SUPPLIED DATA:
[Start of section]

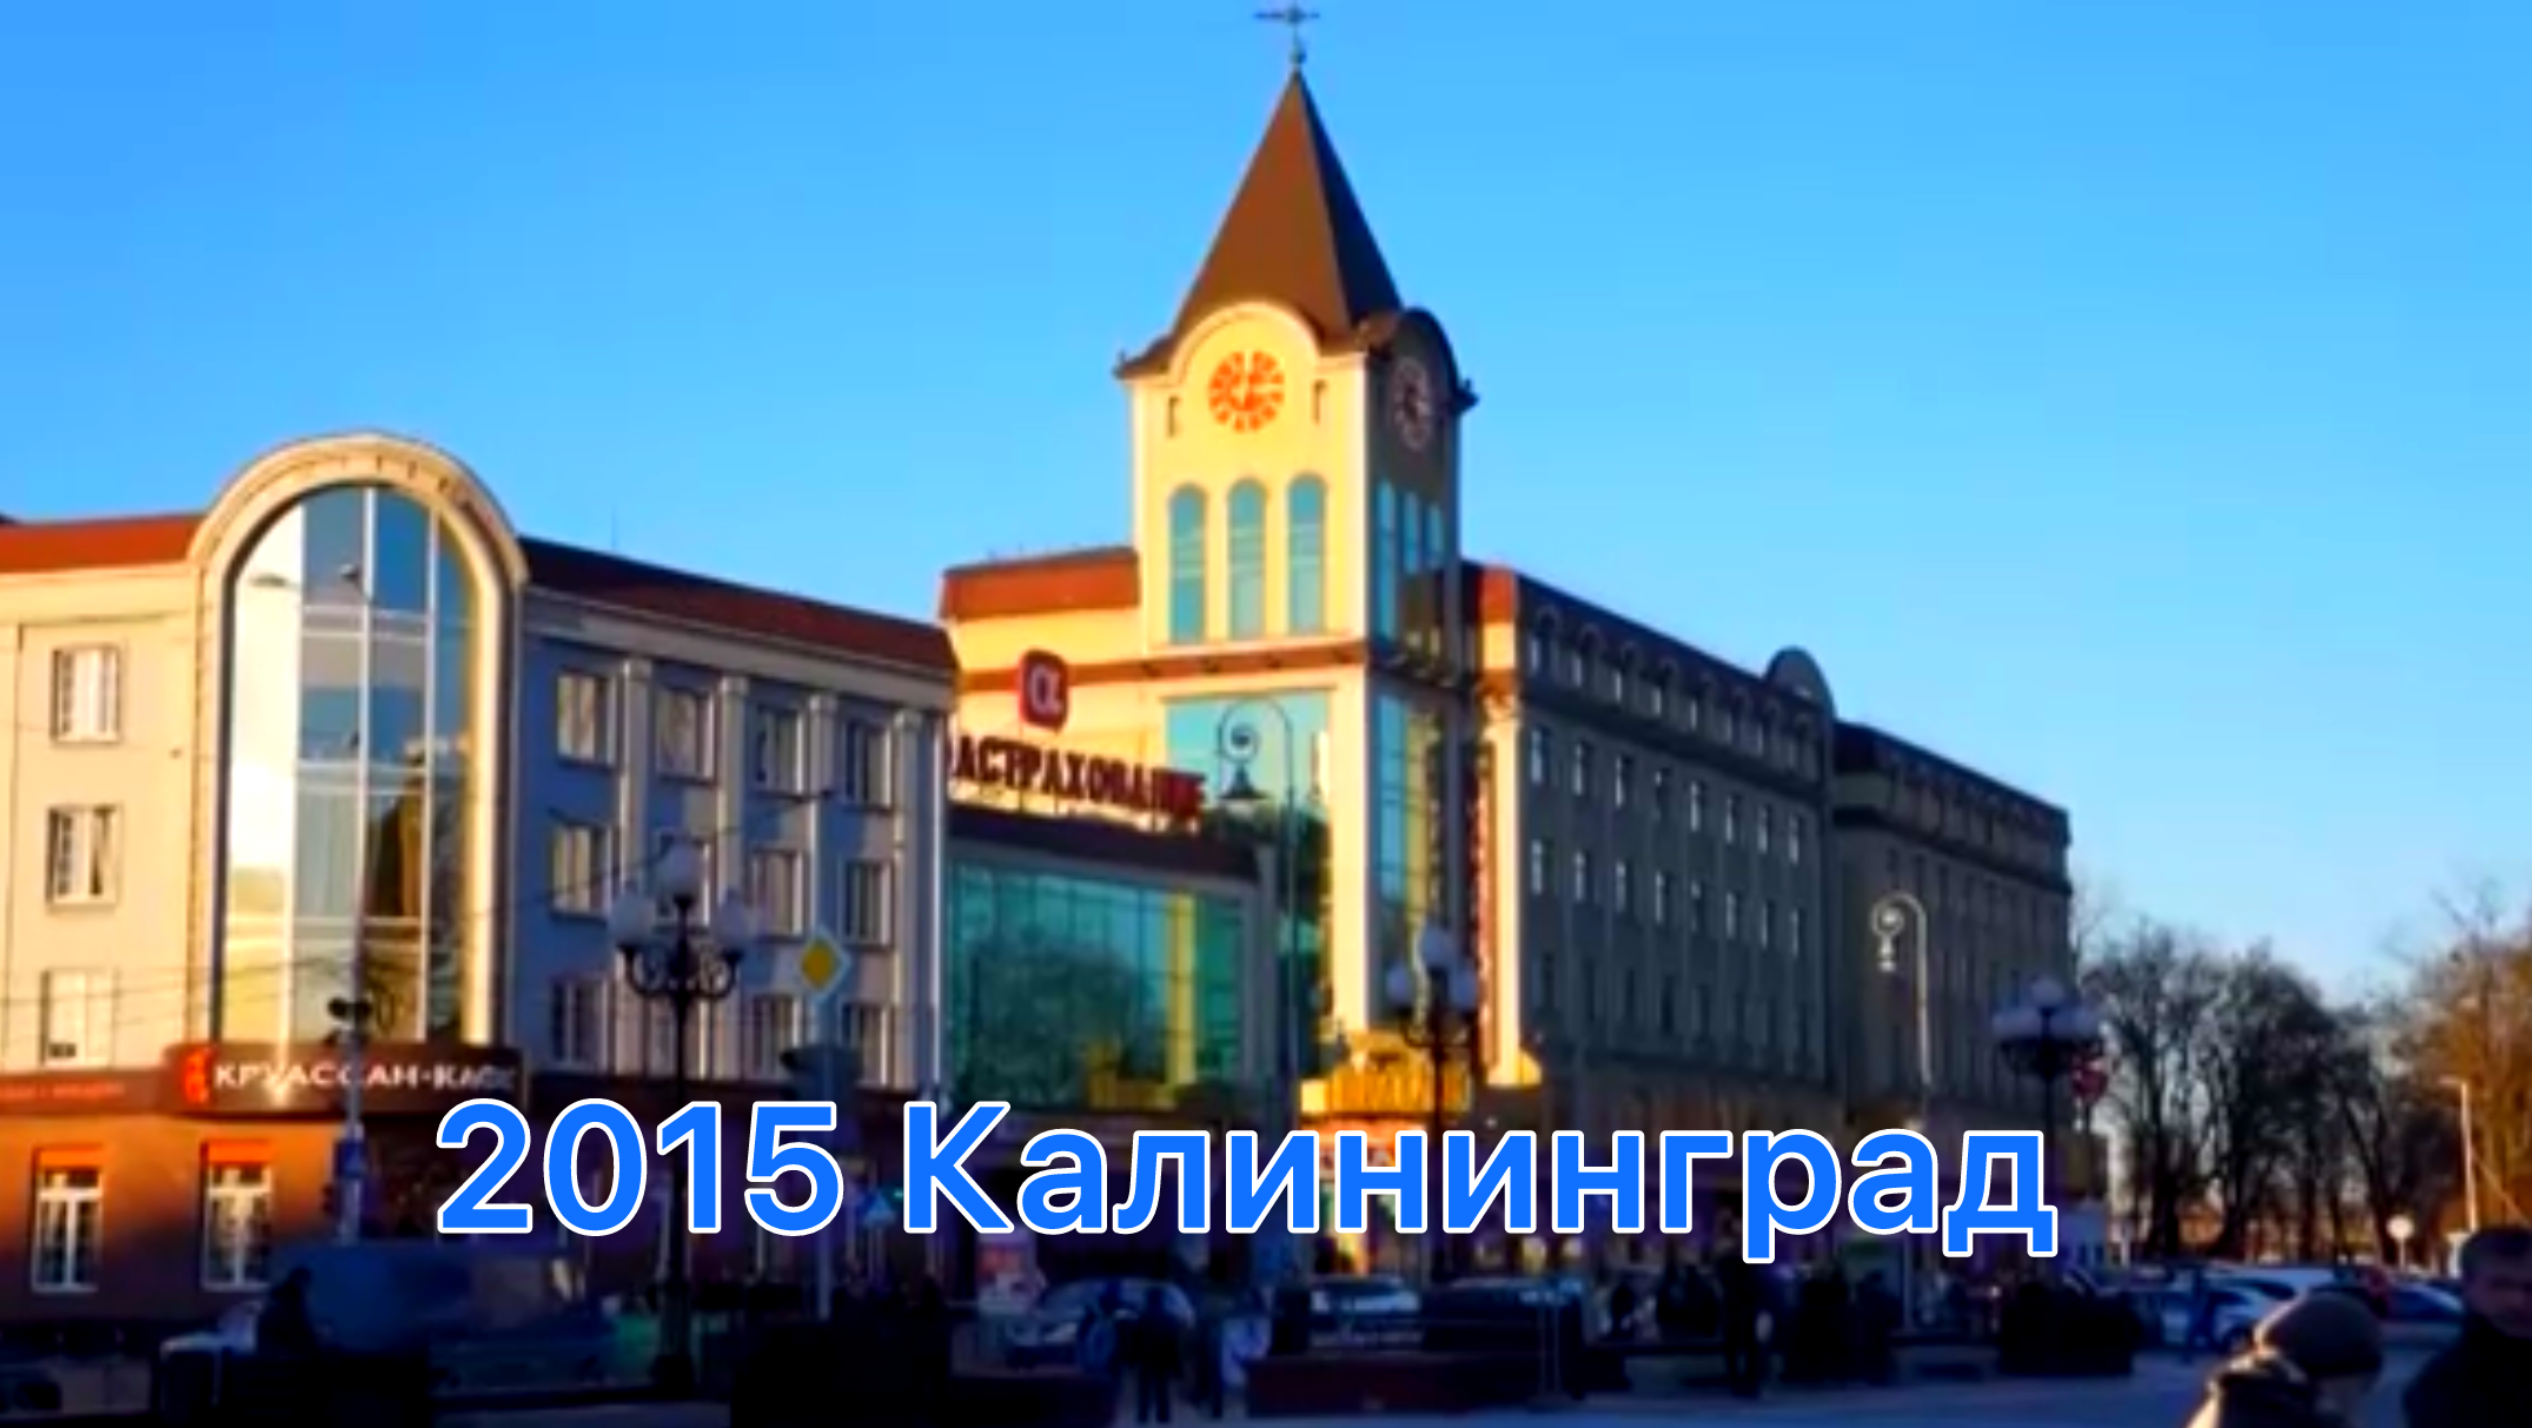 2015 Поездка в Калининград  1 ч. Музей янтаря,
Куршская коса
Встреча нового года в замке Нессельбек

[End of section]

REQUIRED ACTION: Return an exact transcription of the material, with its pictures left out.

ANSWER BELOW:
 2015 Поездка в Калининград  1 ч. Музей янтаря,
Куршская коса
Встреча нового года в замке Нессельбек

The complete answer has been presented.